**** Source data ****

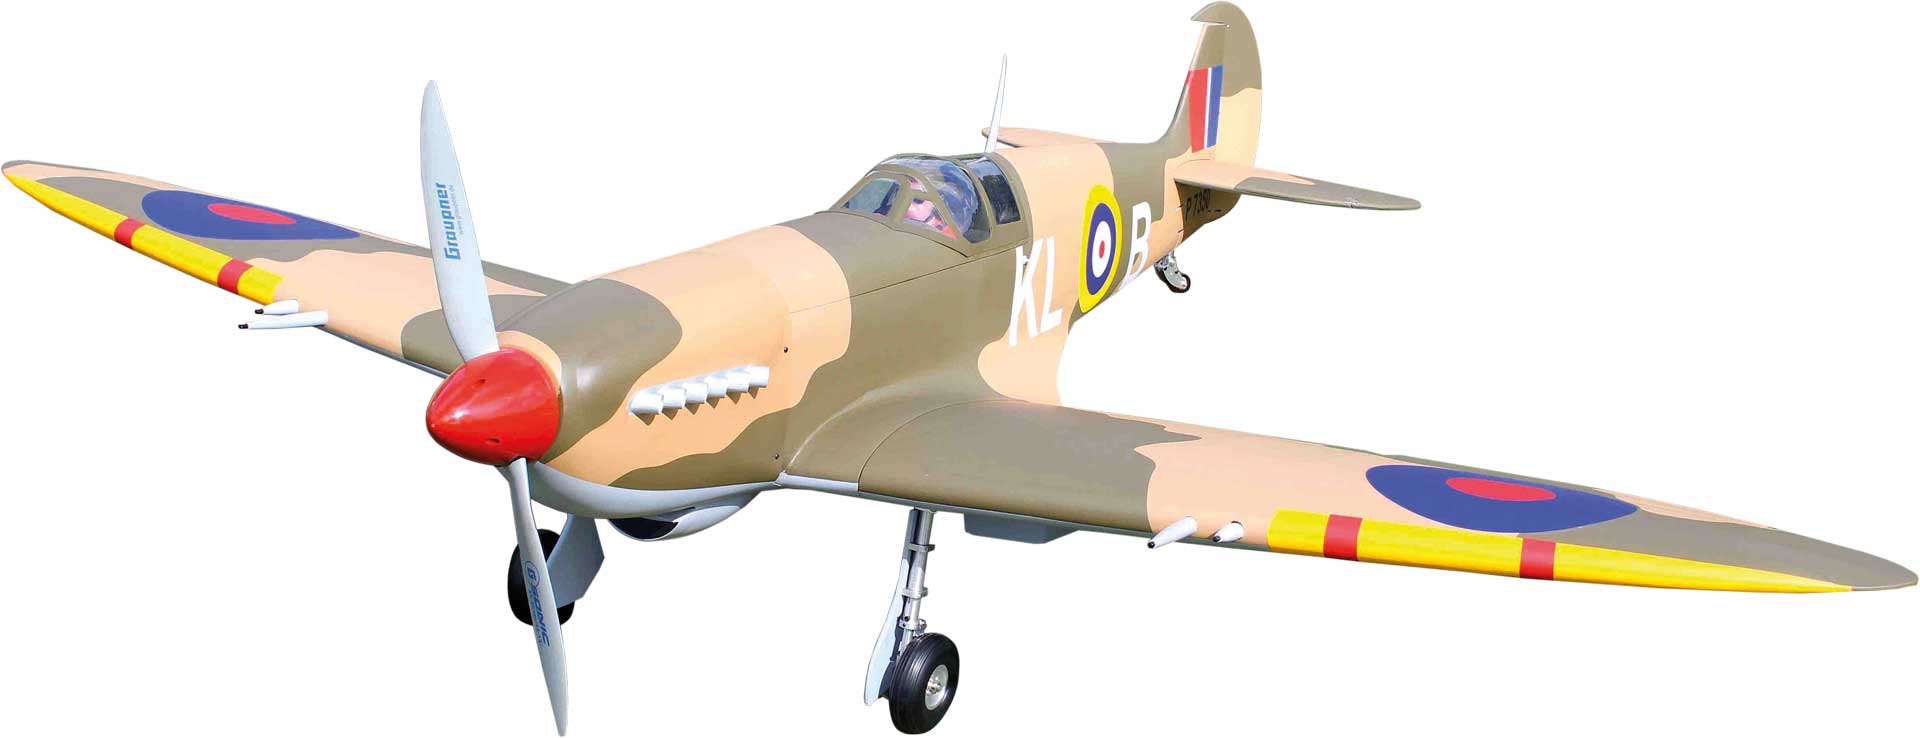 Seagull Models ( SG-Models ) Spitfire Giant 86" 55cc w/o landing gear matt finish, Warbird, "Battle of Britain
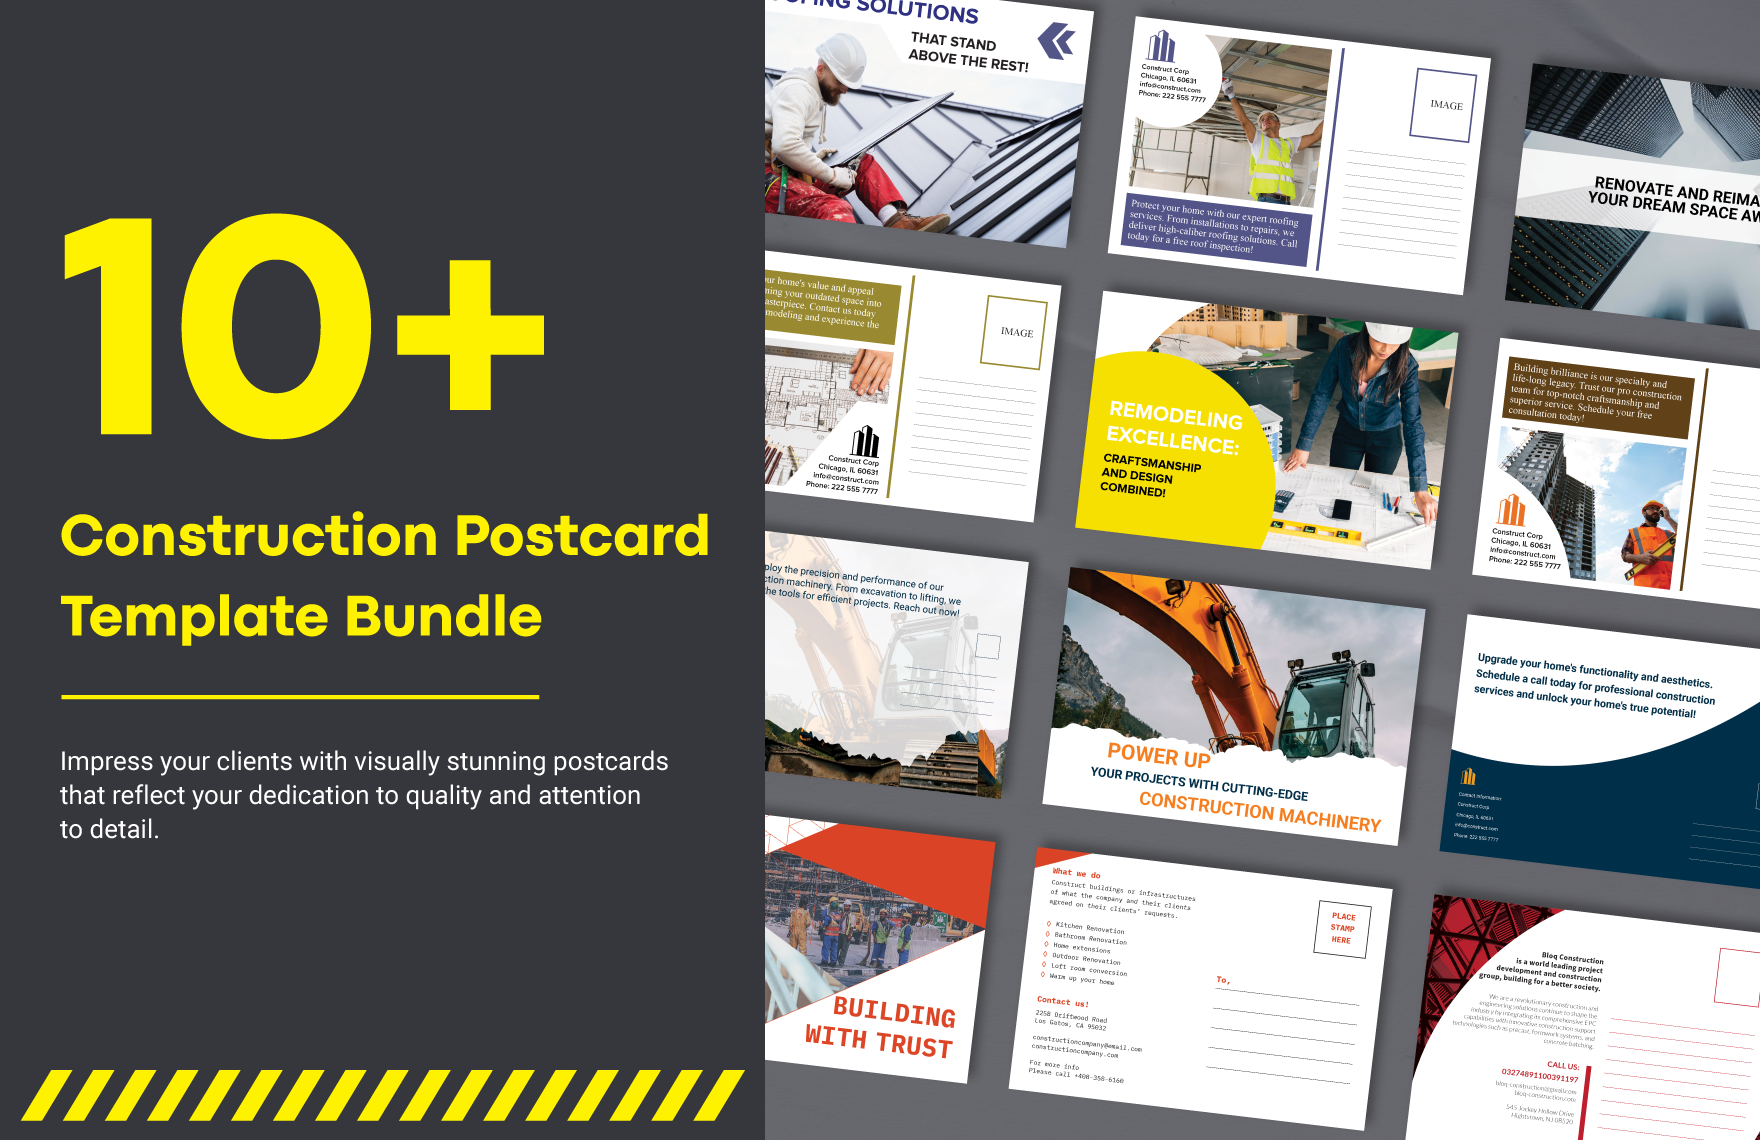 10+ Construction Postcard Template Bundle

****
**** Source data ****

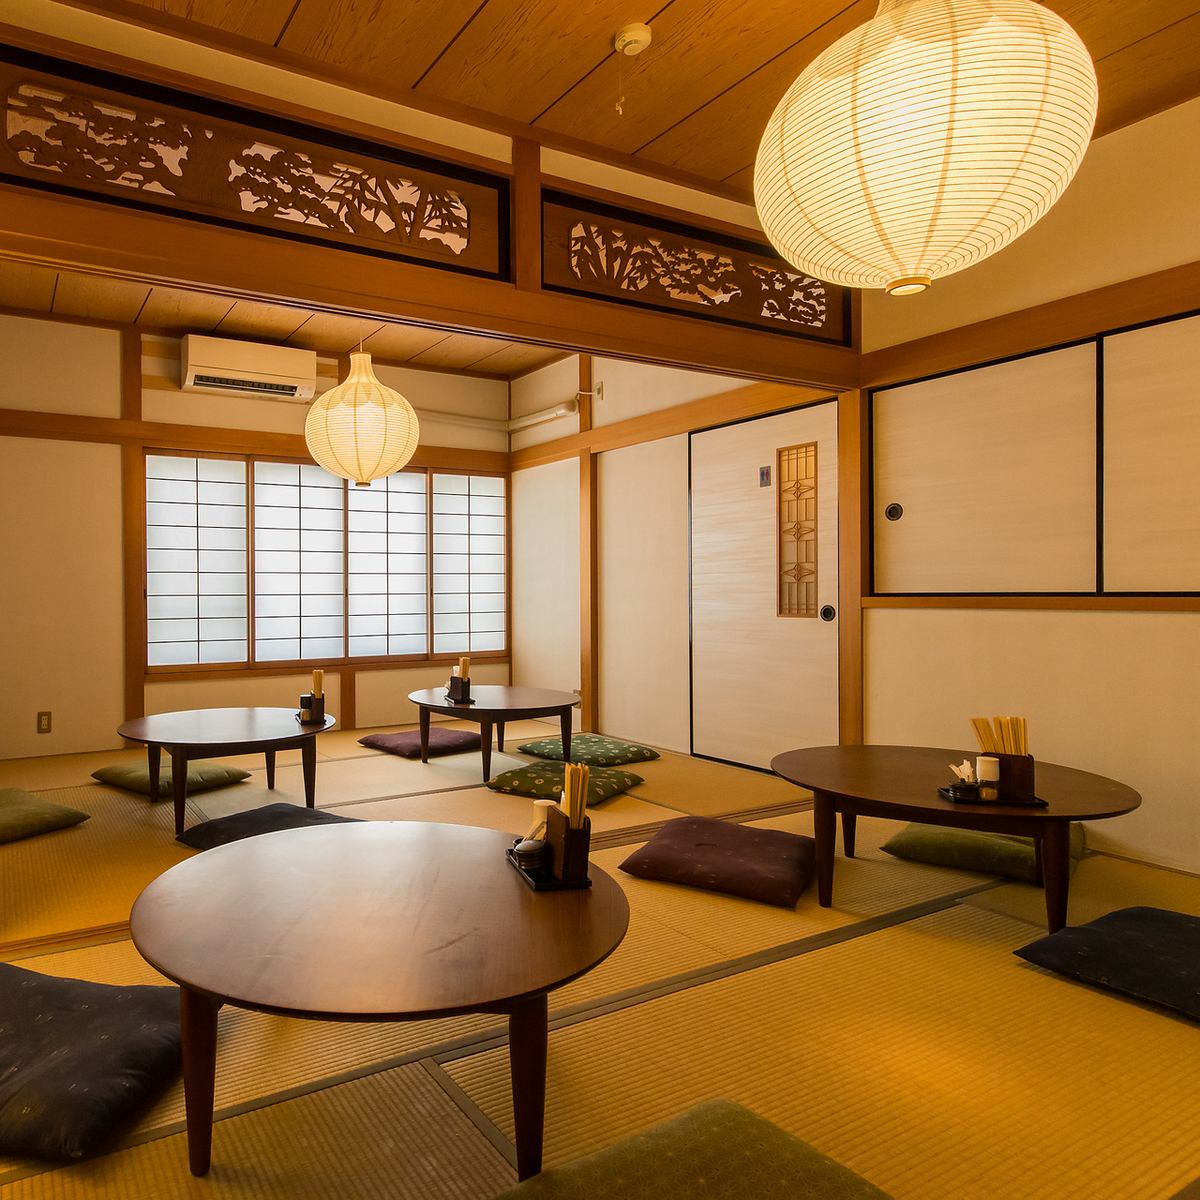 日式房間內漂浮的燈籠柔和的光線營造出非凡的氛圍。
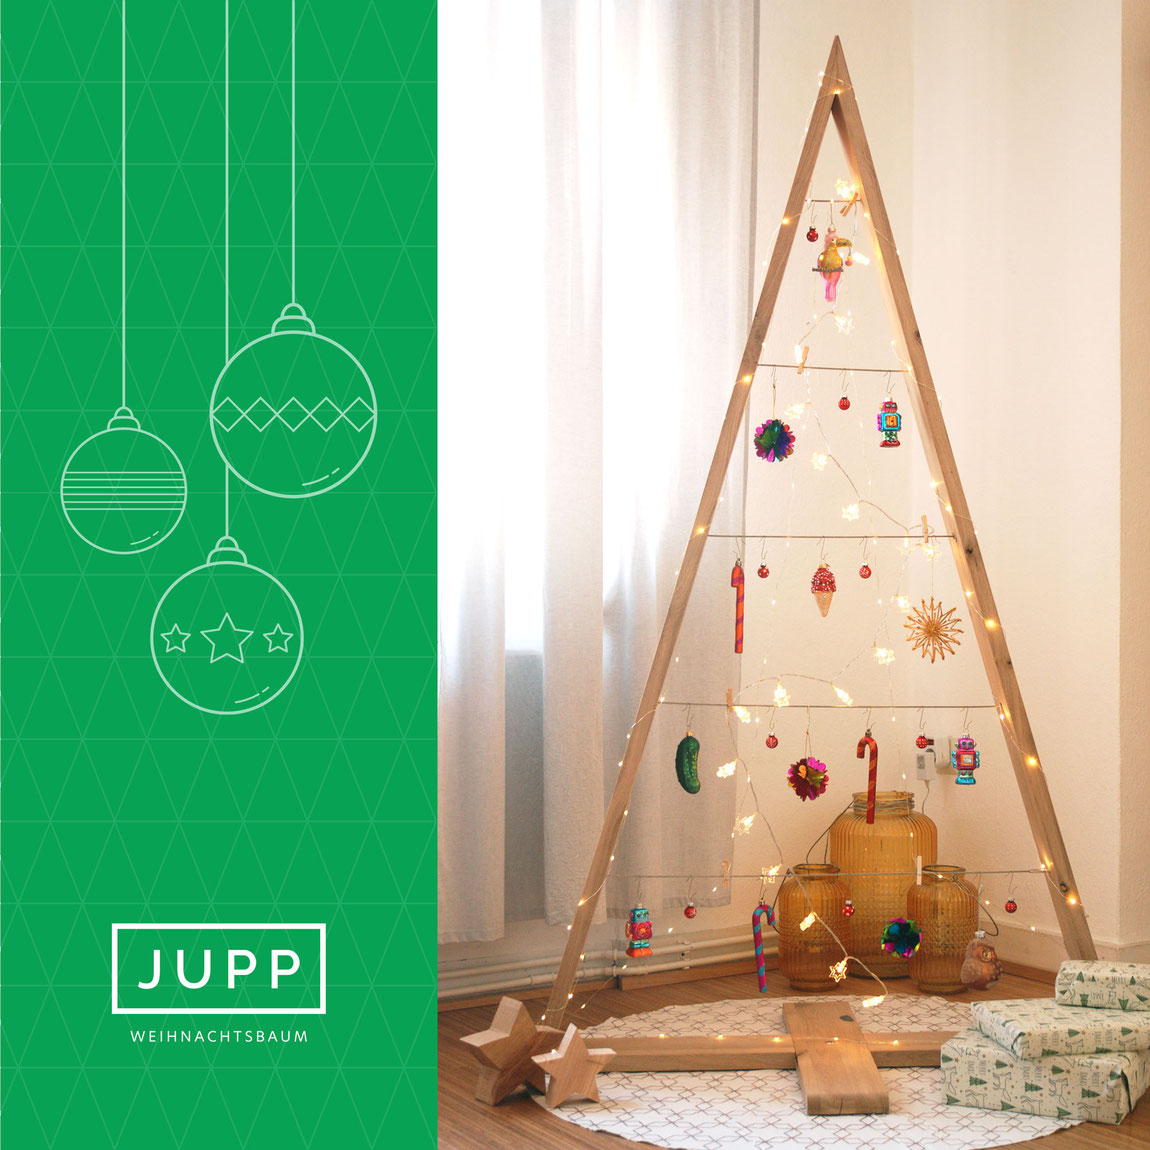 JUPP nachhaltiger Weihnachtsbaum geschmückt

****
**** Source data ****

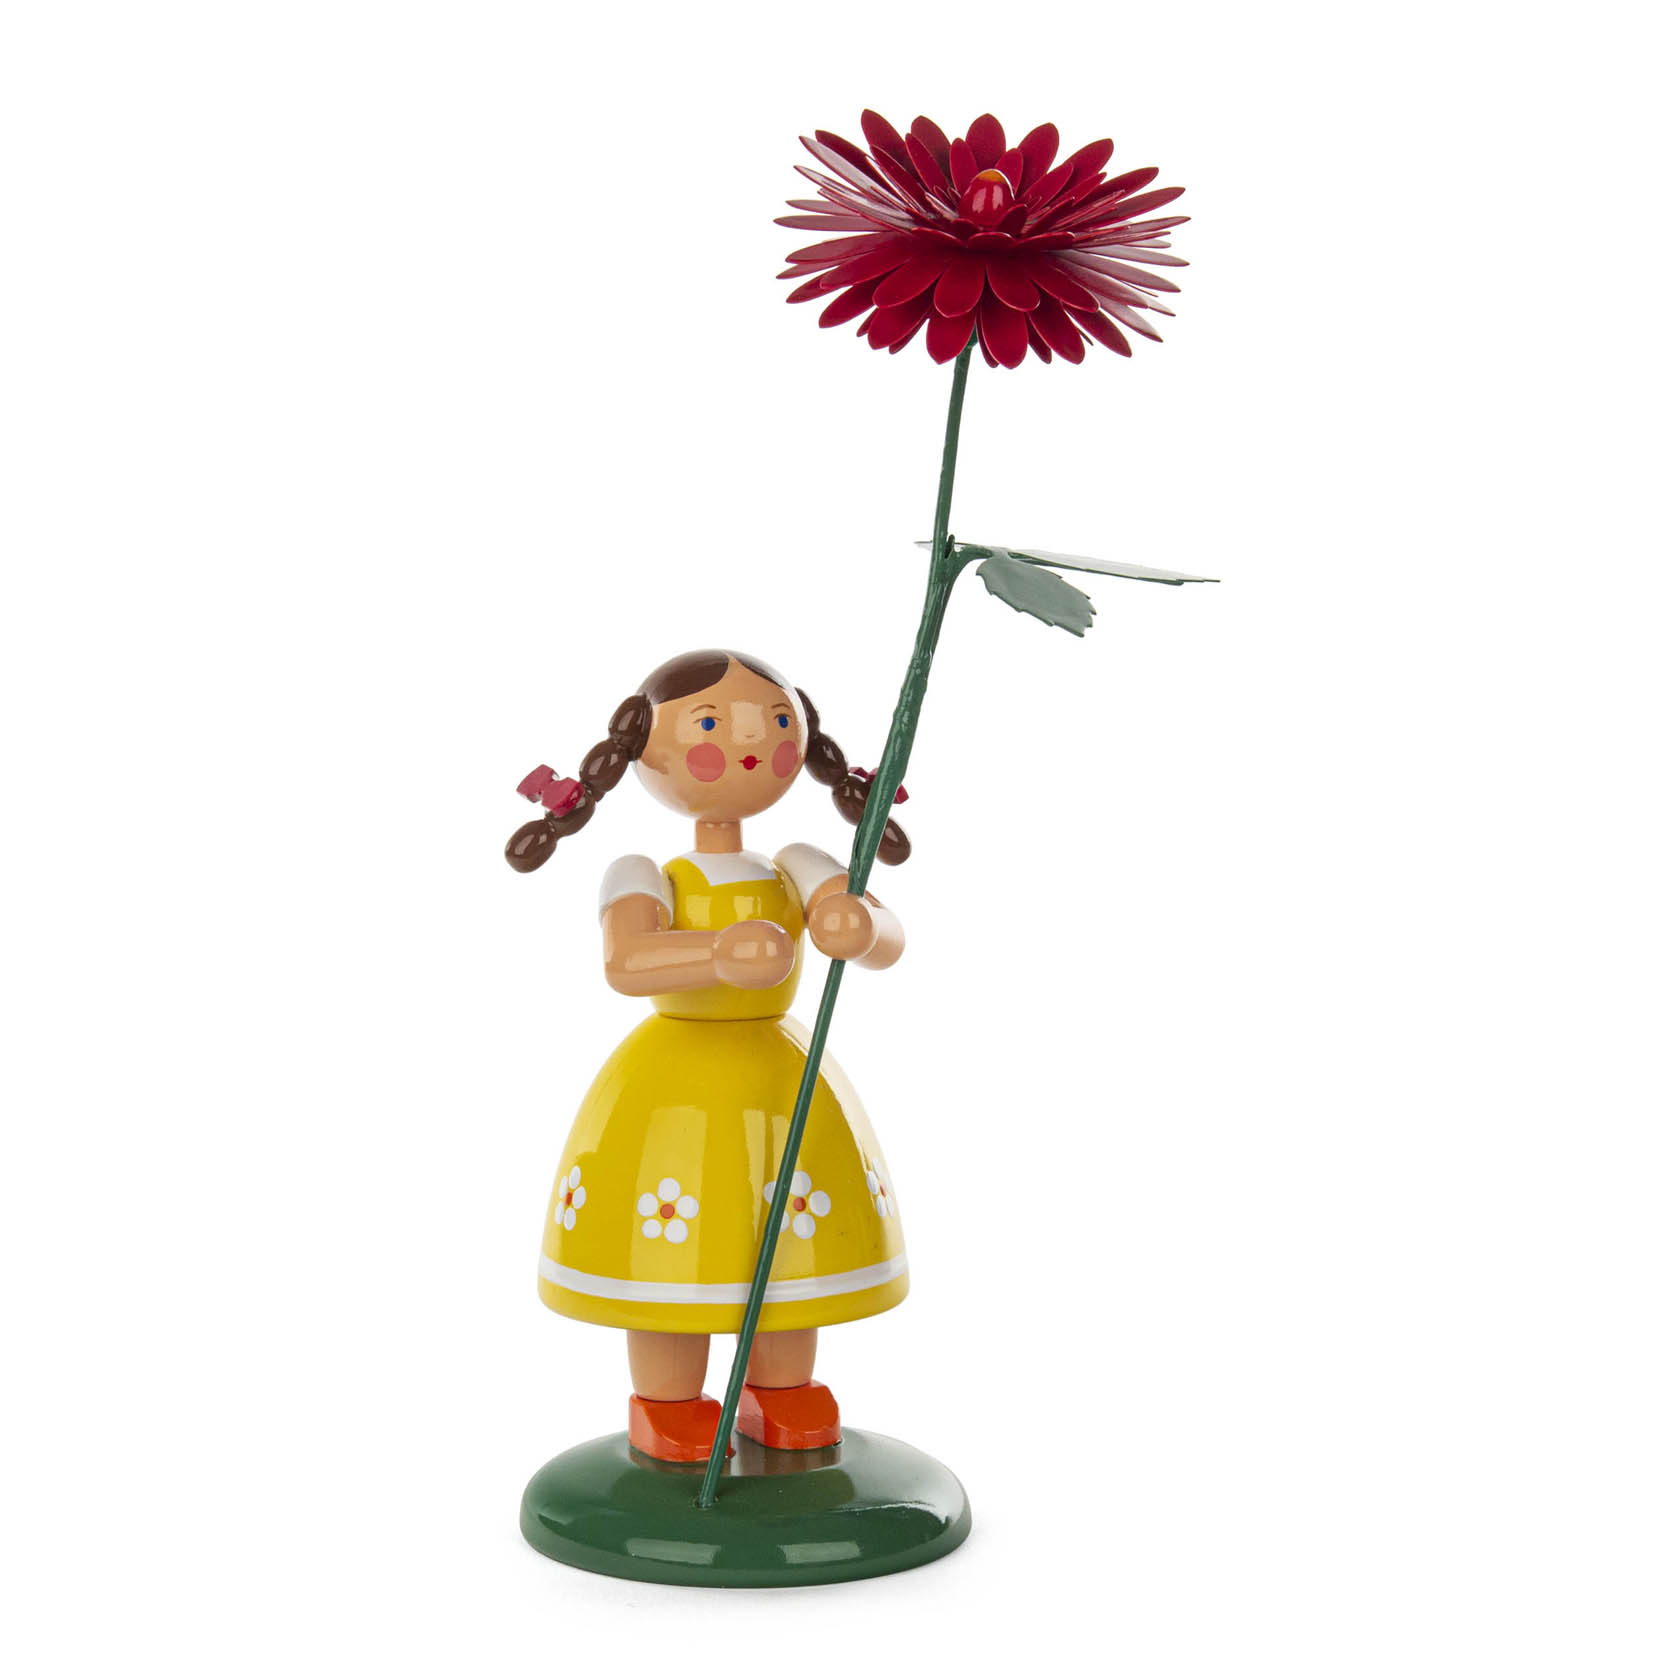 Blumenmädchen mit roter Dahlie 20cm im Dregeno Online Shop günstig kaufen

****

Output only the lines above from the one containing "Seagull Models ( SG-Models" to the one containing "10+ Construction Postcard Template Bundle", both included, exactly as written and with no pictures.

- Your response:
 Seagull Models ( SG-Models ) Spitfire Giant 86" 55cc w/o landing gear matt finish, Warbird, "Battle of Britain
 10+ Construction Postcard Template Bundle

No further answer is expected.